クインテットビショップの還幸

第14章 神よ、我に微笑みたまえ


こつん、こつん。
新聞を片手に、机を叩く指。
こつん。
こつん。

「冷害の影響が残ったなー……このままだと、来年の財政に響く」

うぅむ、と唸って我が主は、ちらり、こちらに目を向けた。
どう思う?
問う目に、僅か笑みを漏らし、俺は静かに目を閉じた。

大人しく帝都に戻ったかつての暴君は、大臣たちとの確約の元、内政に口を挟まないという条件を取り付け城の片隅に安住を求めた。
公式の場には参加しない。
部下も最低限。
王族の扱いとしては、酷いというべきものだったが、訪れる者の減った穏やかな生活は、もとより質素を好む彼には、むしろ好都合だったようだ。
現王様自ら便宜を図られ、再び主の元、仕えることを許された俺しかり。
窓際、口を開くこともなく立つ俺に痺れを切らしたのか、主殿の不満そうな声が上がる。

「……答えろよ」

「はて、何を問われているやら?」

「お前……性格悪くなったぞ」

「勝手に置いてくかだろう。

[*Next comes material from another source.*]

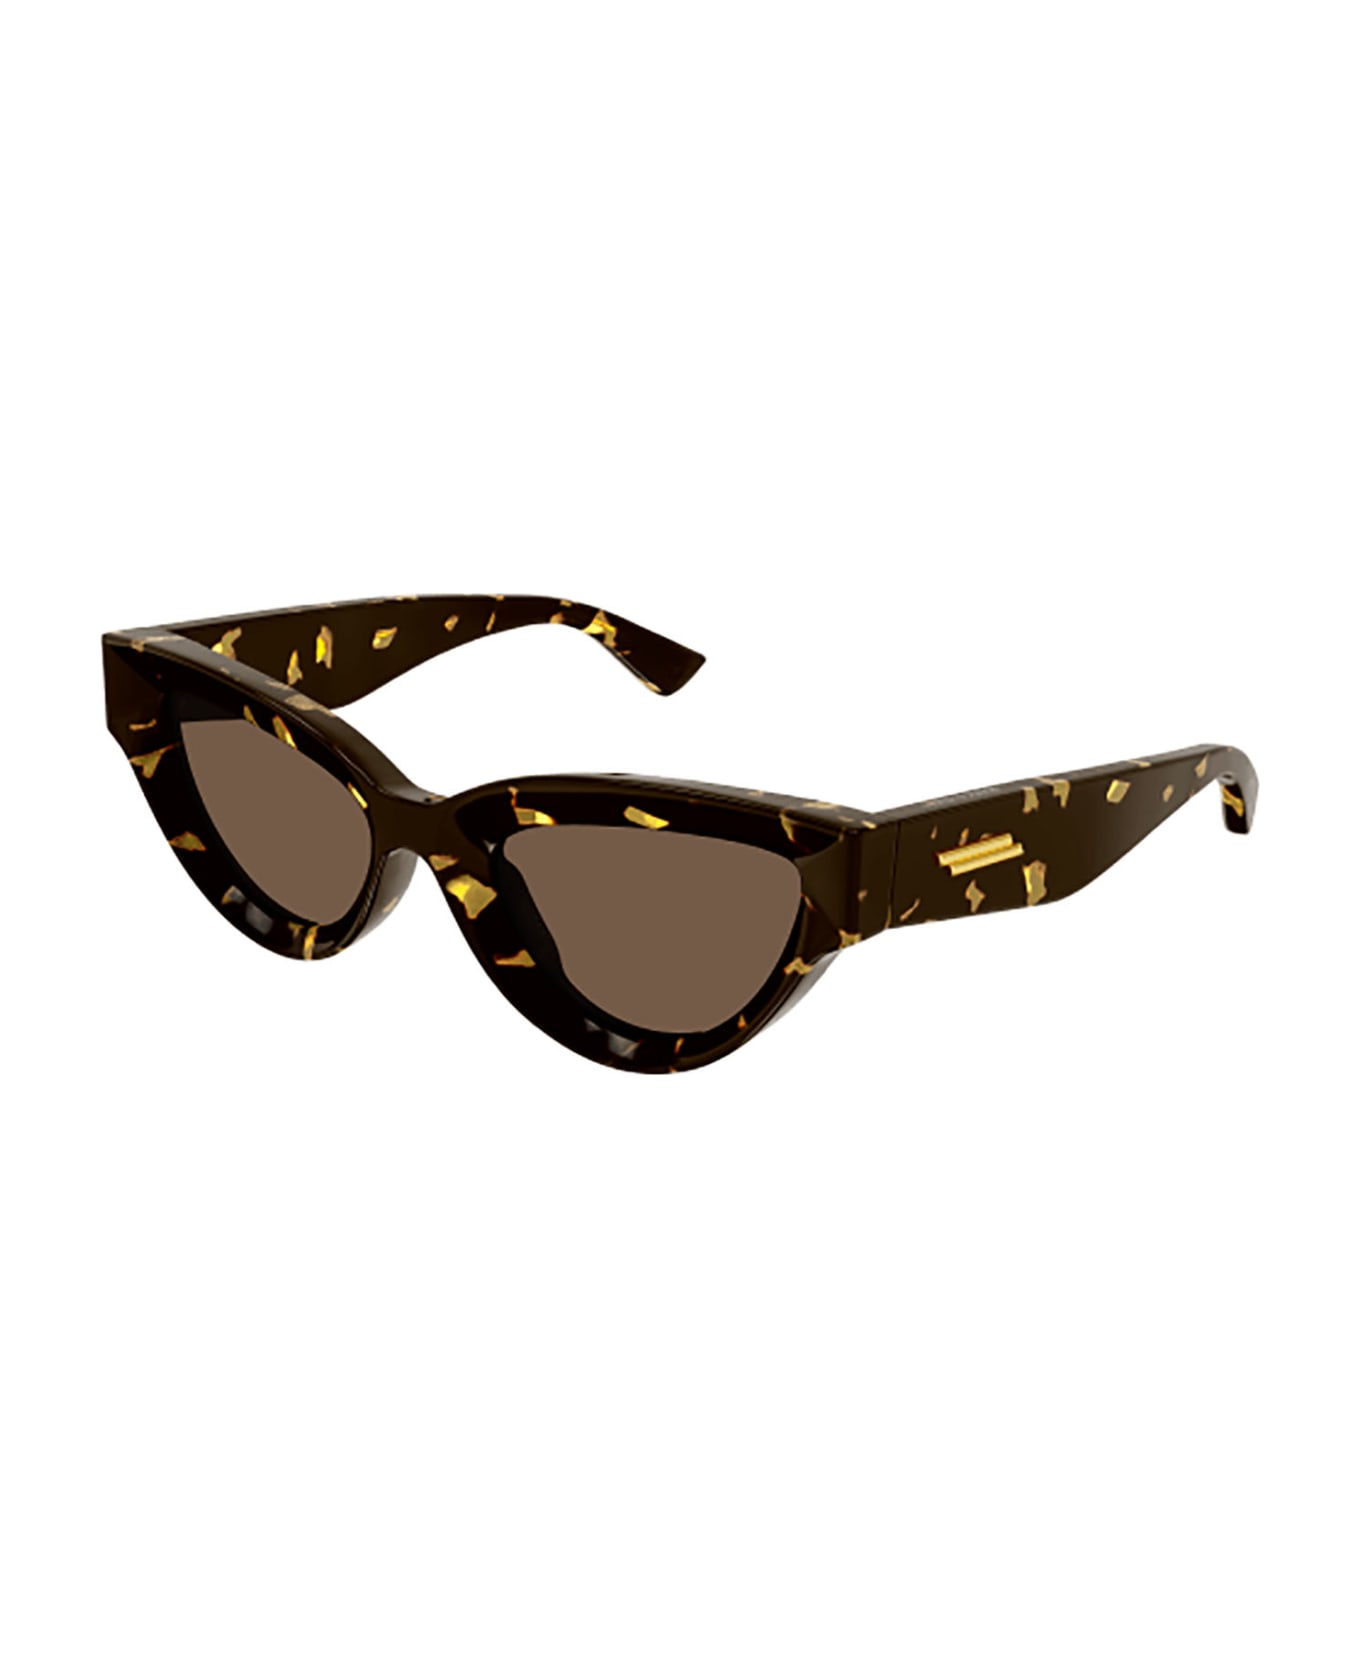 Bottega Veneta Eyewear Bv1249s Sunglasses - 002 havana havana brown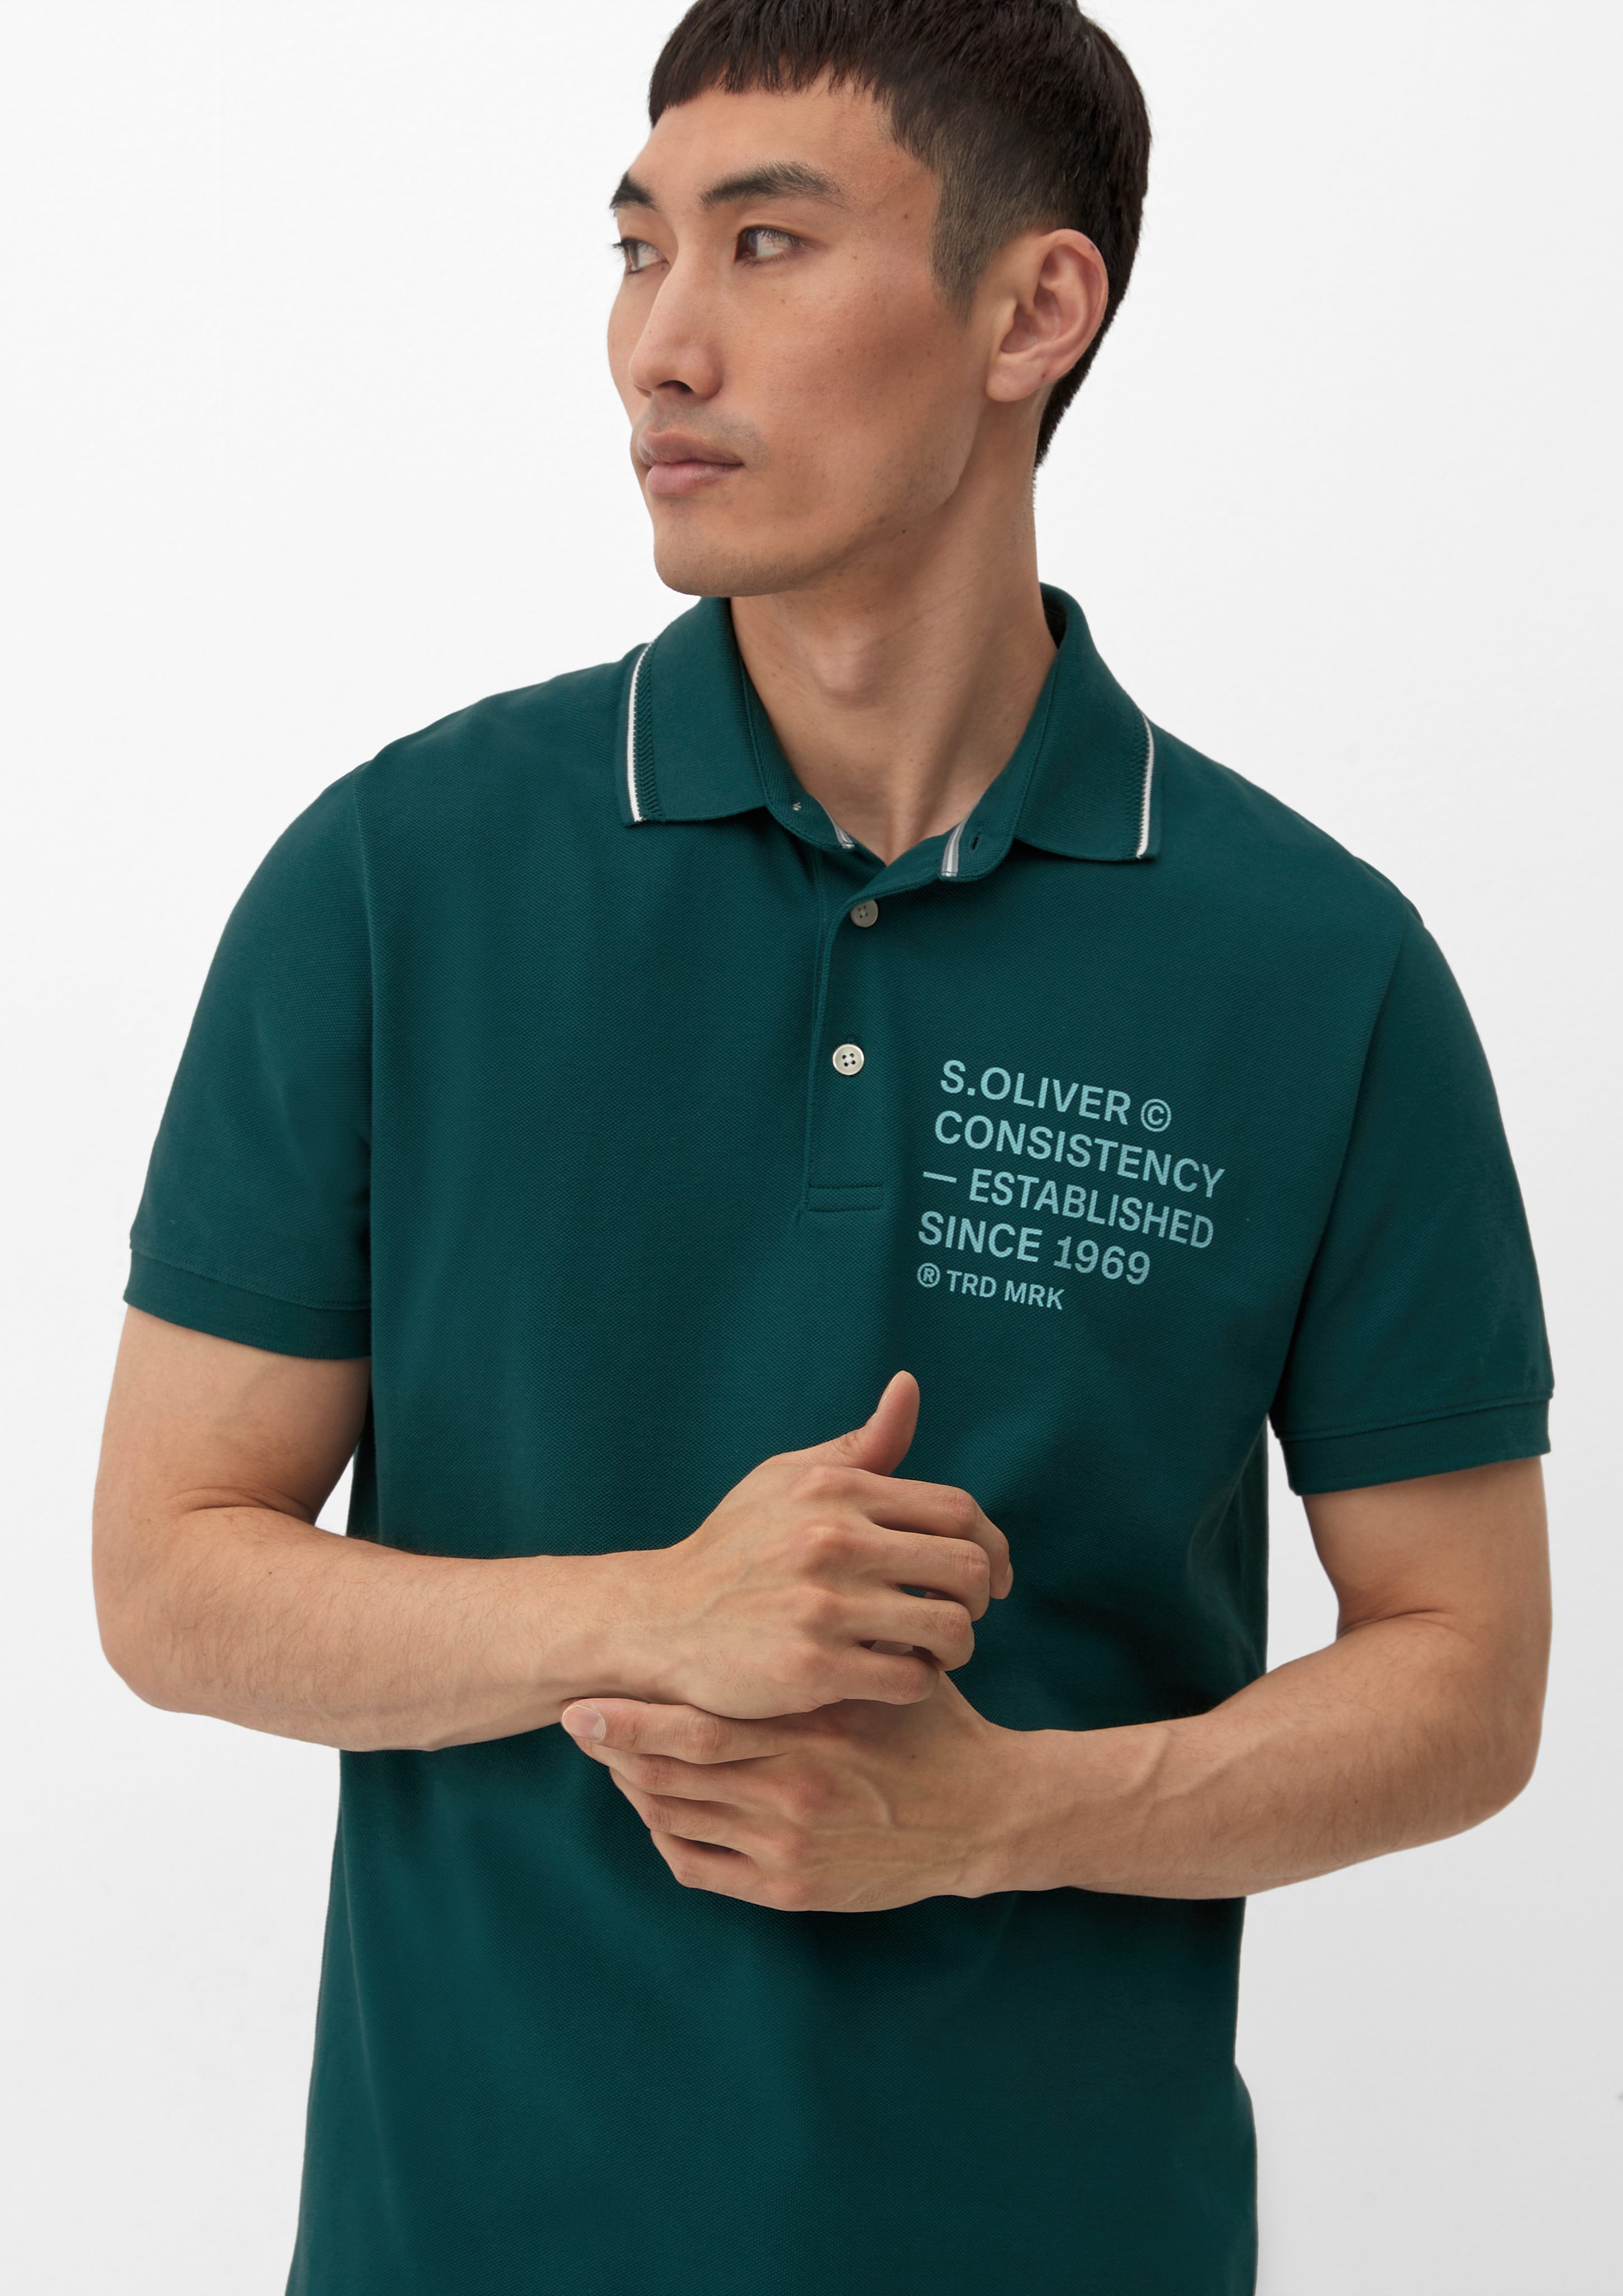 s.Oliver Kurzarmshirt Poloshirt mit Piquéstruktur Artwork, Blende tannengrün

自分に全て非がないと思わないことだ」

畳みかけると、返事の代わりに唸り声。
うっすら目を開ければ、苦虫かみつぶしたような仏頂面が、再び新聞へと向けられていた。
少なくとも、俺はそれが嬉しかった。
奴はまだ、生きている。
手がかかるのは相変わらずだが、まだ顔を合わせて話ができる。
自分が仕組んだことながら、嗚呼なんと素晴らしい。

その時、遠くからバタバタと駆ける音が聞こえ、小さく悲鳴が上がる。
声が次第に意味を成し始めたた時、もの凄い音を立て、沈黙していた扉が開け放たれた。

「兄さんっ!」

「ぶぁっ!?」

驚いた主が新聞から目を反らす直前、もの凄い速度で部屋を横切った権者が、新聞の広げられた机上に飛び乗った。

「く……クラウス、どうした血相変えて……!」

突然のことに心落ち着ける暇もないのだろう、引き攣った笑みを浮かべた主に、少年は両手に抱えた大量の書類を撒き散らし、半泣きで叫んだ。

「助けて、兄さん!」

「あっ、いた! こっちだ!」

扉の外、駆け抜けようとした重臣の一人が声を上げ、見慣れた顔がなだれ込んで来た。

執務机、腰を下ろす主に一瞬たじろぐも、標的を捉え直した彼らは、直ぐさま執務机に歩み寄った。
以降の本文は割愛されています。